Many scale inhibitor manufacturers can provide a variety of scale inhibitors and dispersants for improving the performance of reverse osmosis and nanofiltration systems. Scale inhibitors are a series of chemical agents used to prevent the precipitation and scaling formation of crystalline mineral salts. Most scale inhibitors are specialized organic synthetic polymers (such as polyacrylic acid, carboxylic acid, polymaleic acid, organometallic phosphates, polyphosphates, phosphonates, anionic polymers, etc.), with molecular weights ranging from 2000 to 10000 Daltons. The scale inhibitor technology for reverse osmosis systems has evolved from the chemistry of cooling circulating water and boiler water. The effectiveness and efficiency of a wide variety of scale inhibitors vary greatly in different applications and organic compounds used.

When using polyacrylic acid scale inhibitors, special care should be taken, as high iron content may cause membrane fouling, which can increase the operating pressure of the membrane. To effectively remove this type of fouling, acid cleaning is necessary.

If cationic coagulants or filter aids are used in pre-treatment, special attention should be paid when using anionic scale inhibitors. It produces a viscous contaminant that increases operating pressure and is very difficult to clean.

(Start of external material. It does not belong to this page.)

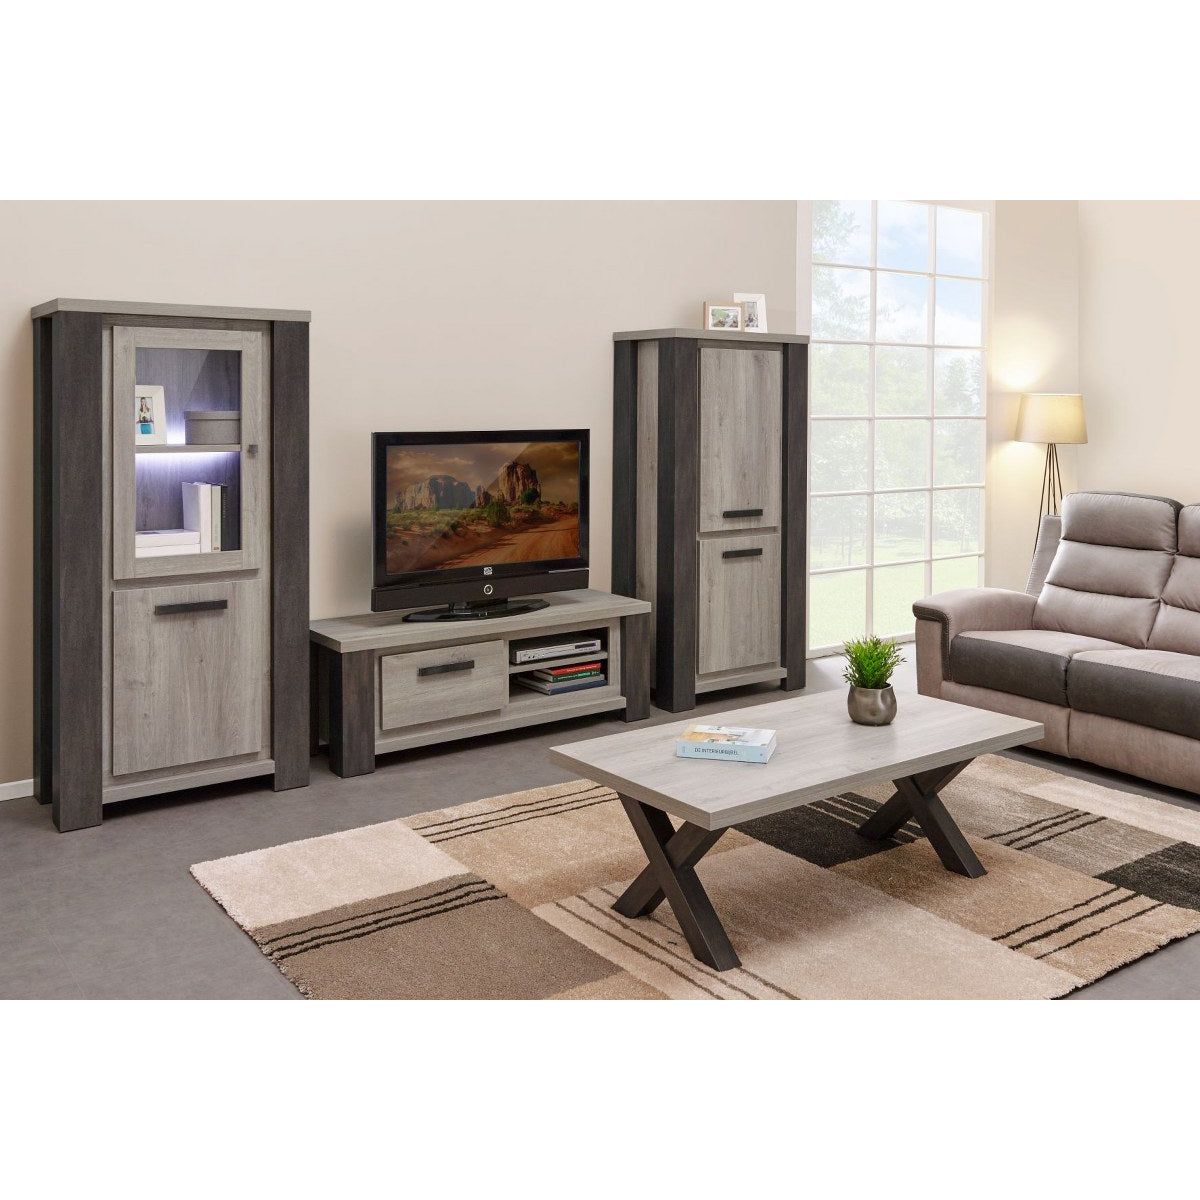 Wall cabinet | Furniture series Annatheo | natural, gray, black |
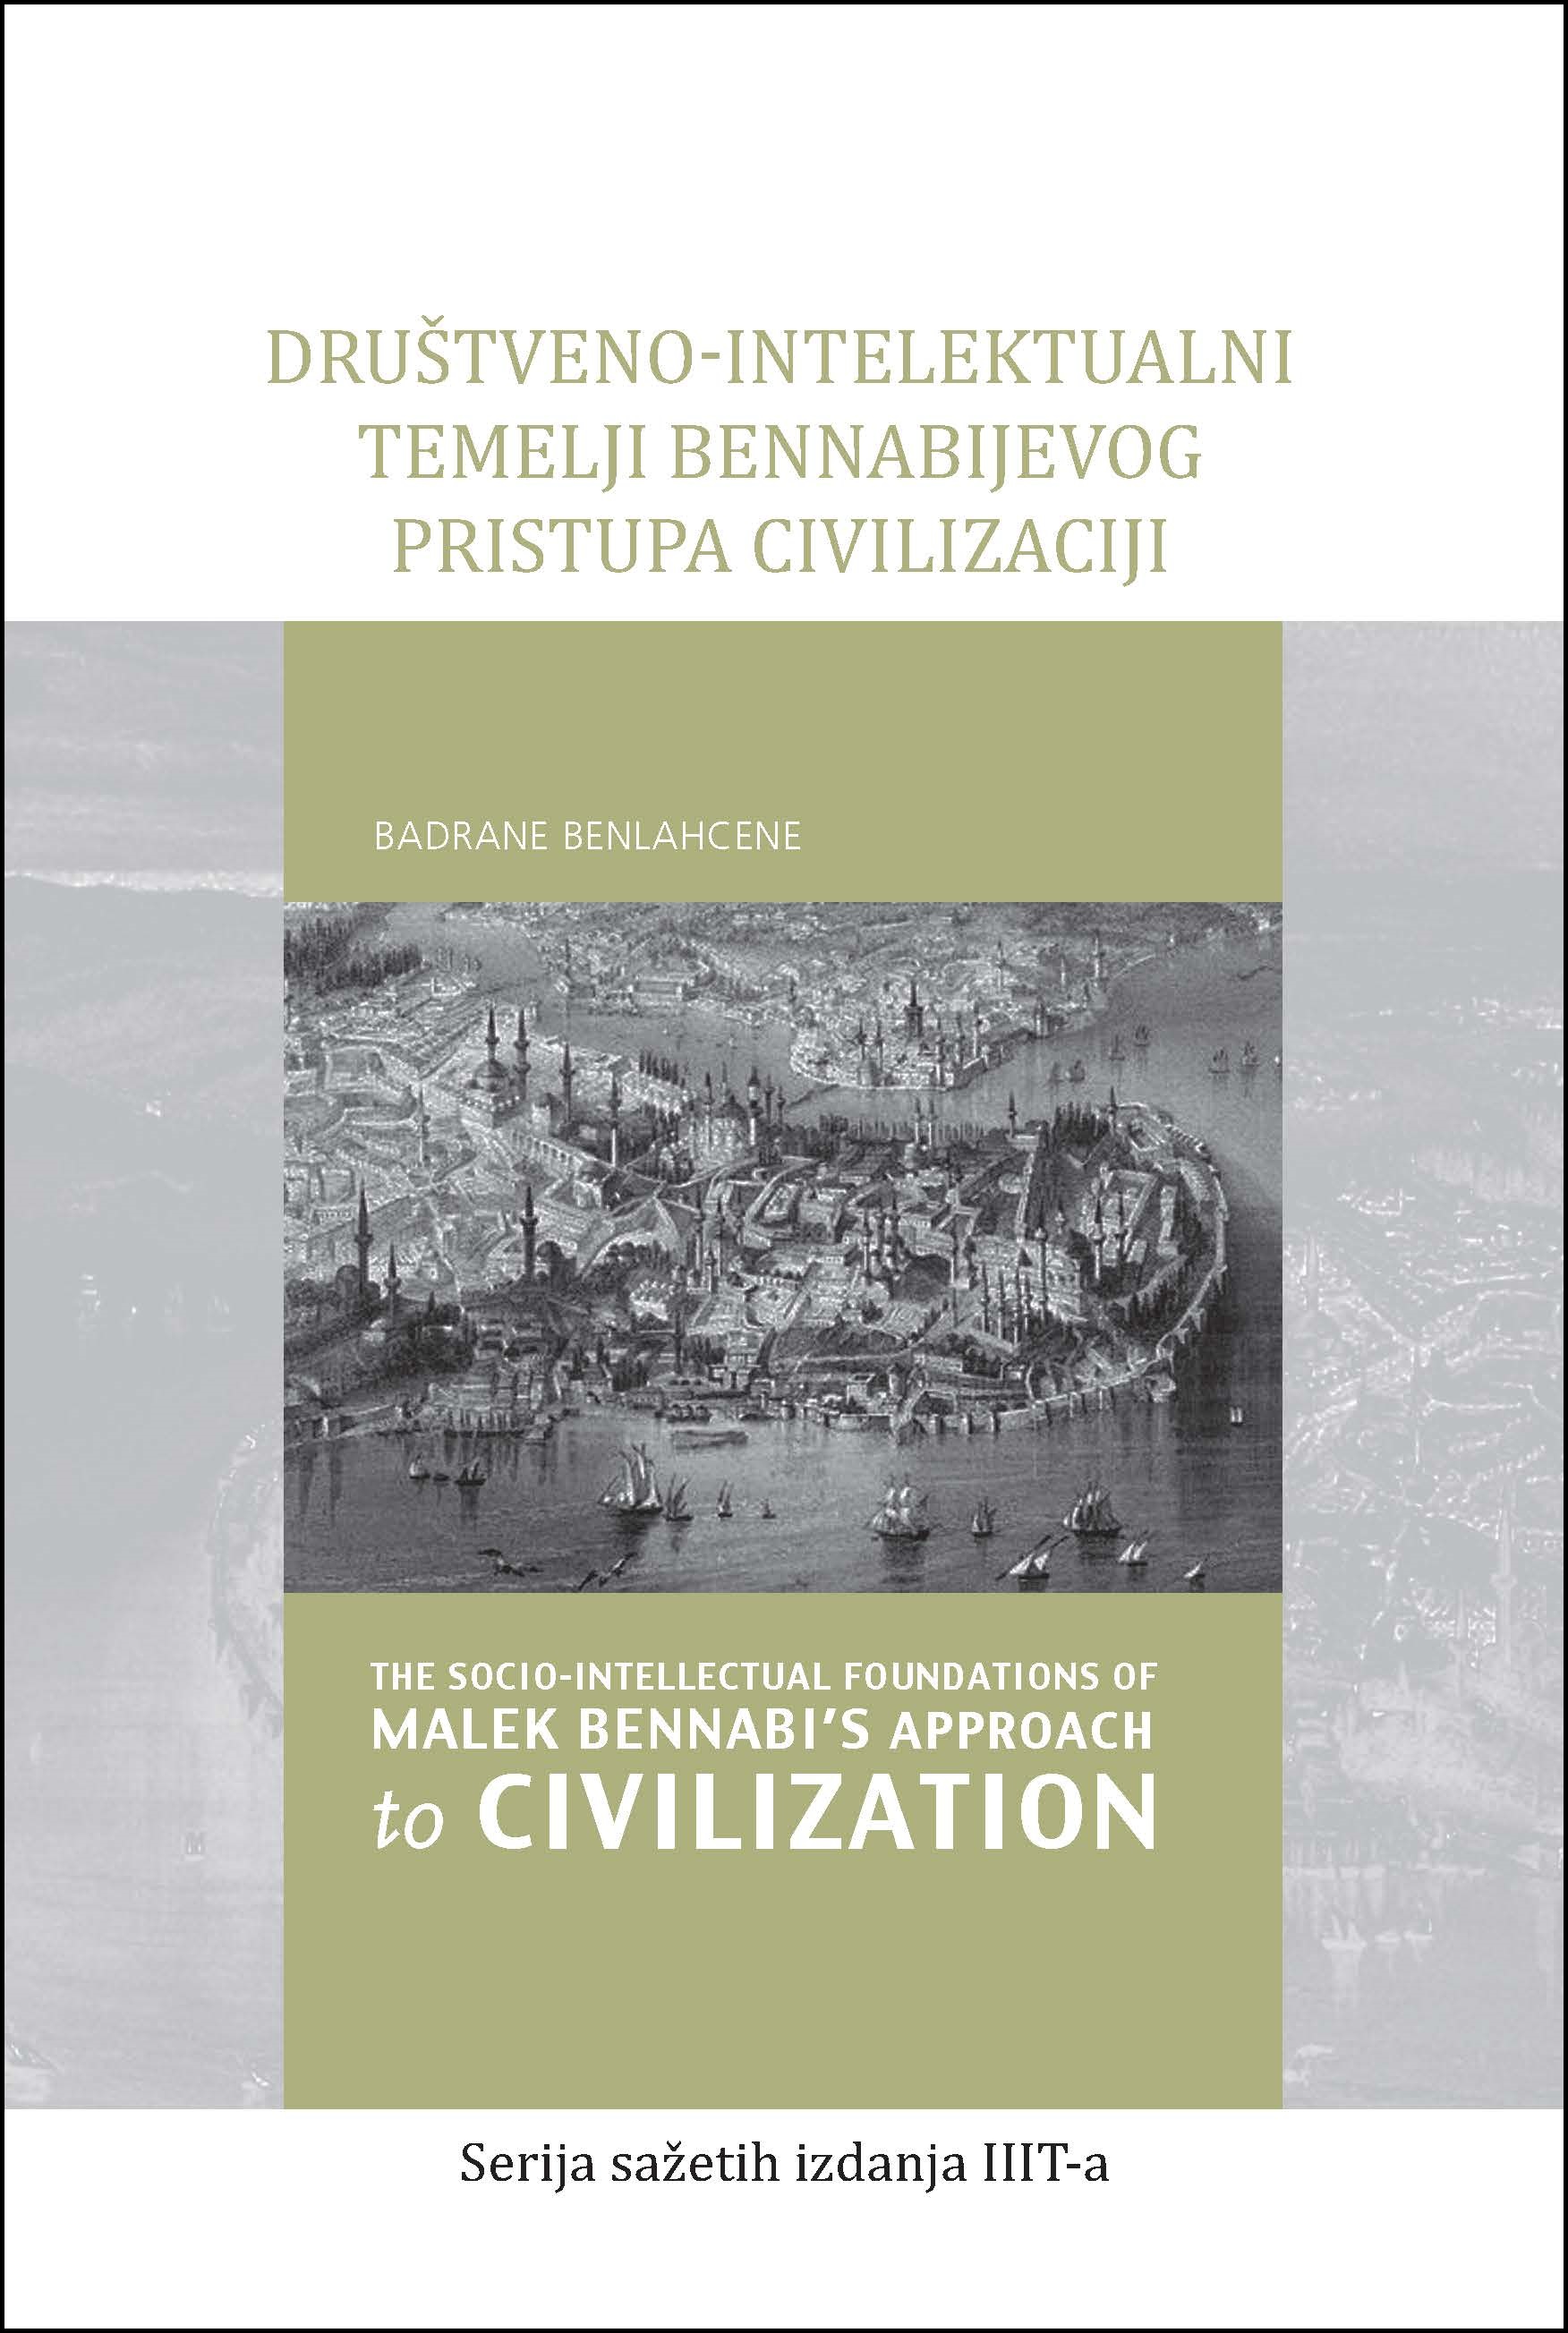 Bosnian: Društveno-intelektualni temelji Bennabijevog pristupa civilizaciji (Book-in-Brief: The Socio-Intellectual Foundations of Malek Bennabi’s Approach to Civilization)

Sodium hexametaphosphate (SHMP) is a common scale inhibitor used in reverse osmosis in the early stage, but with the emergence of dedicated scale inhibitors, the dosage has been greatly reduced. There are some limitations to the use of SHMP. The solution should be prepared every 2-3 days, as exposure to air will cause hydrolysis, which not only reduces the scale inhibition effect, but also causes the possibility of calcium phosphate scaling. Using SHMP can reduce calcium carbonate scaling, and the LSI can reach+1.0. Scale inhibitors inhibit the growth of salt crystals in RO influent and concentrated water, allowing insoluble salts to exceed their saturated solubility in concentrated water. The use of scale inhibitors can be used instead of or in conjunction with acid addition. There are many factors that can affect the formation of mineral scaling. A decrease in temperature will reduce the solubility of scaling minerals (except calcium carbonate, which, in contrast to most substances, decreases as temperature increases), while an increase in TDS will increase the solubility of insoluble salts (this is because high ionic strength interferes with the formation of crystal seeds).